We had an amazing trip to Boston this year for the Ohtahara Syndrome Conference and Family Gathering.  In total, nine families joined us for the event and we truly were blessed to have each and every one of them in attendance.  To say the children are an absolute delight, is an understatement by far.  The conference room on Friday was full of children- siblings playing together ( and seeing that there are other siblings out there that have a brother or sister with Ohtahara Syndrome) and the children cooing and babbling - or even yelling at us during the conference.  These are noises that are music to my ears.  We truly love and appreciate the laughter and joy of children; it just brings such comfort and happiness to the group!  Thank you families for keeping the children with us in the room, I loved their input! 

We had eight speakers for Friday lined up.  This meant most of the day was full for conference, but it was full of some wonderful information too.  We are currently working on uploading the videos to our YouTube page (for now you can view last year's conference videos).  We will share when they are uploaded and available for viewing.  For now I will share a few of the slides and photos, but stay tuned to the upcoming July newsletter, Ohtahara Syndrome Community Newsletter, for more info and updates. 

Thank you for the wonderful welcome Boston Children's Hospital!!

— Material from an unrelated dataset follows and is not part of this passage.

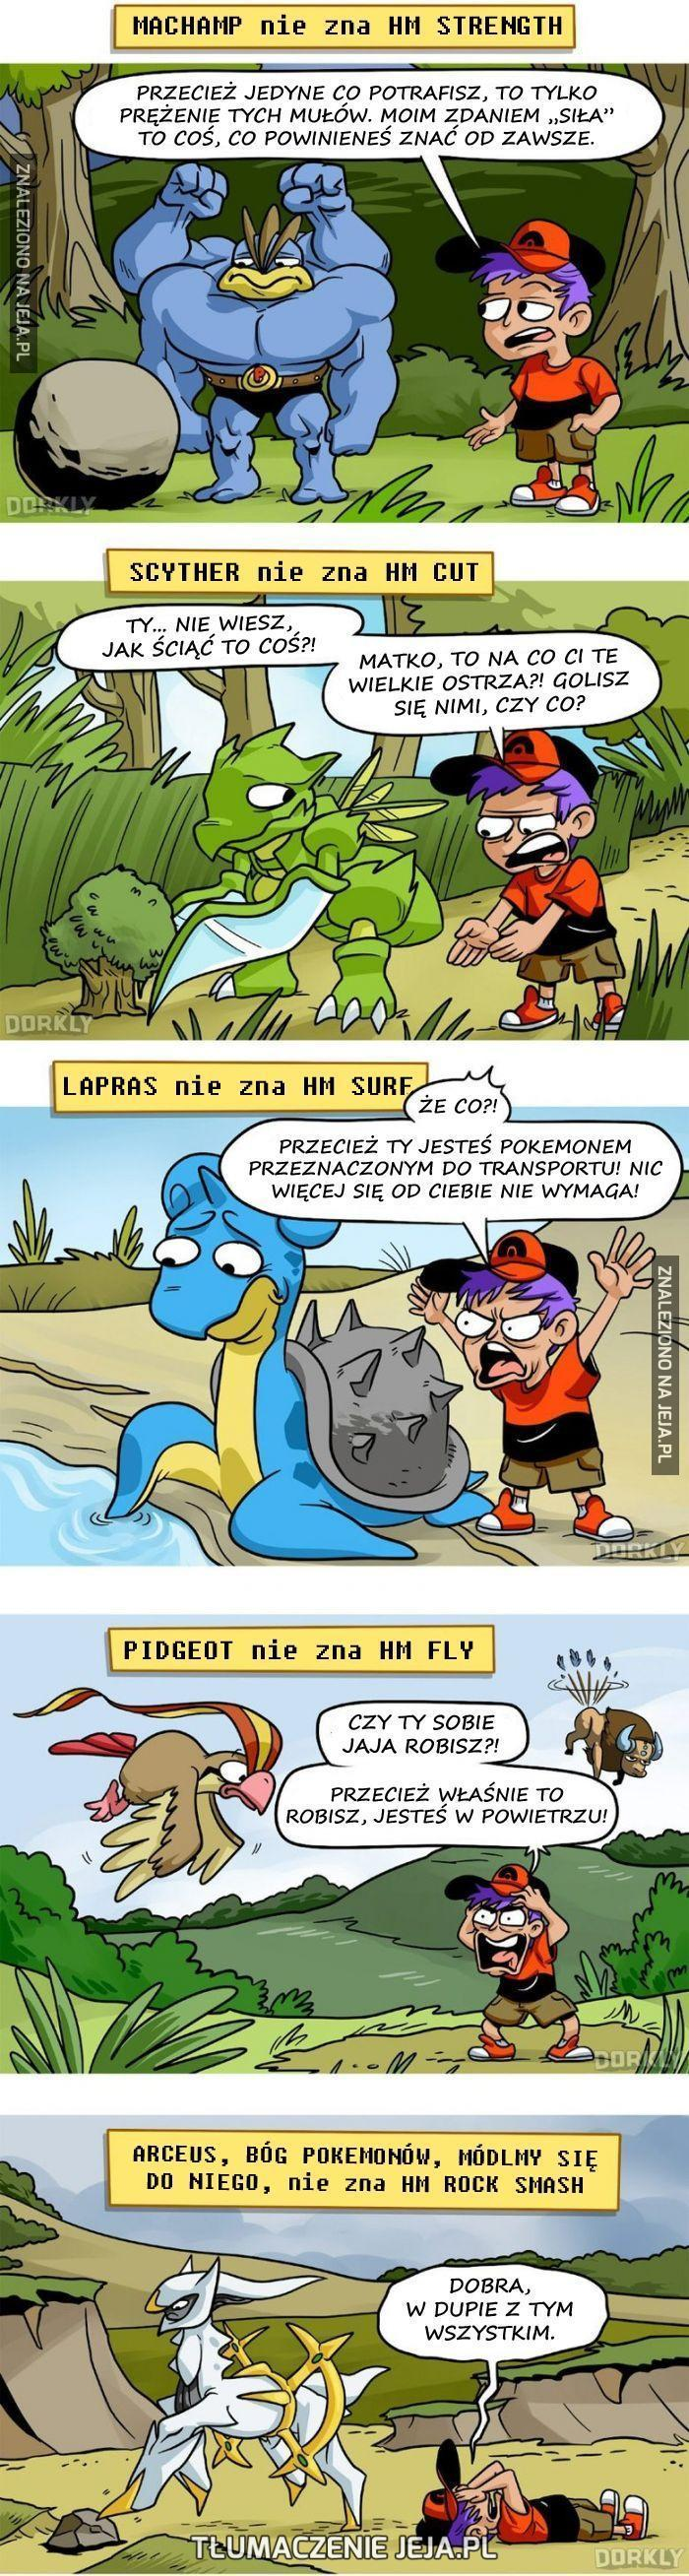 Każdy Pokemon jakiś wybrakowany

We had the great opportunity to tour the zebrafish lab while we were in Boston.  We were so happy to be able to see what the research efforts of the Boston Neurology Department and Epilepsy Genetics Program have been able to accomplish and where they are moving to.  The zebra fish lab is huge, however the zebrafish are quite small!  They have small stripes on them when they are full grown, giving them their name.  In the lab we did not see any zebrafish having seizures as they are not in the lab as of yet, however, we did get to see the other research that is going on for Muscular Dystrophy and skin tumors for example.  This is fascinating and gives us so much hope that at some point answers can be found for a treatment option for Ohtahara Syndrome!  Can you imagine that? Can you?!!  I can say that I will be crying tears of joy when that day happens and yes I say when because I know that this team has their heart in their work and are so dedicated to the families and children.  I don't know when, but I still have hope!!  On a side note, working with zebrafish enabled researchers to find a medication that may be effective in children with Dravet Syndrome.  Dravet Syndrome is another rare pediatric epilepsy.  This in itself brings me hope that it can be possible for our children with Ohtahara Syndrome.  Why not??  I have been praying for better treatment options since Aaron was diagnosed, four years now and I know there are families that have been praying for it much longer.  It seems with continued research and participation there might be an answer in their future.  Overall the zebrafish lab was so interesting to see and really made us hopeful and thankful to the team for continuing with Ohtahara Syndrome.  We are so grateful.

You may have  to enlarge this photo to view it clearly, however, a brief overview is of the differential diagnosis between EME, EIEE, and Infantile Spasms.  This distinguishes seizure type, EEG, etiology, and outcome for each diagnosis.  EME and Ohtahara Syndrome are very similar and may also be given interchangeably in a diagnosis.  Each one- not good.  When you see this data, you just know that something has to be done!  Something is being done, I will remind families and those just interested in rare disease or epilepsy; between our conference and nonprofit, the research team, especially all of us families, and the children - we are making strides in the right direction. 

This one may also have to be enlarged, but it is showing some of the genes that are associated with Ohtahara Syndrome or Early Onset Epileptic Encephalopathy (EOEE) Please note that EIEE and EOEE were used interchangeably throughout the conference and for good reason.  Research is finding links between the rare and early onset epilepsies such as Dravet and Ohtahara Syndrome, many have the same genetic mutations that link to both or a few possibilities.  This is showing the importance of expanding research and including many rare forms of early onset epilepsy as information could be shared and linked together. What could help one, may possibly benefit another. 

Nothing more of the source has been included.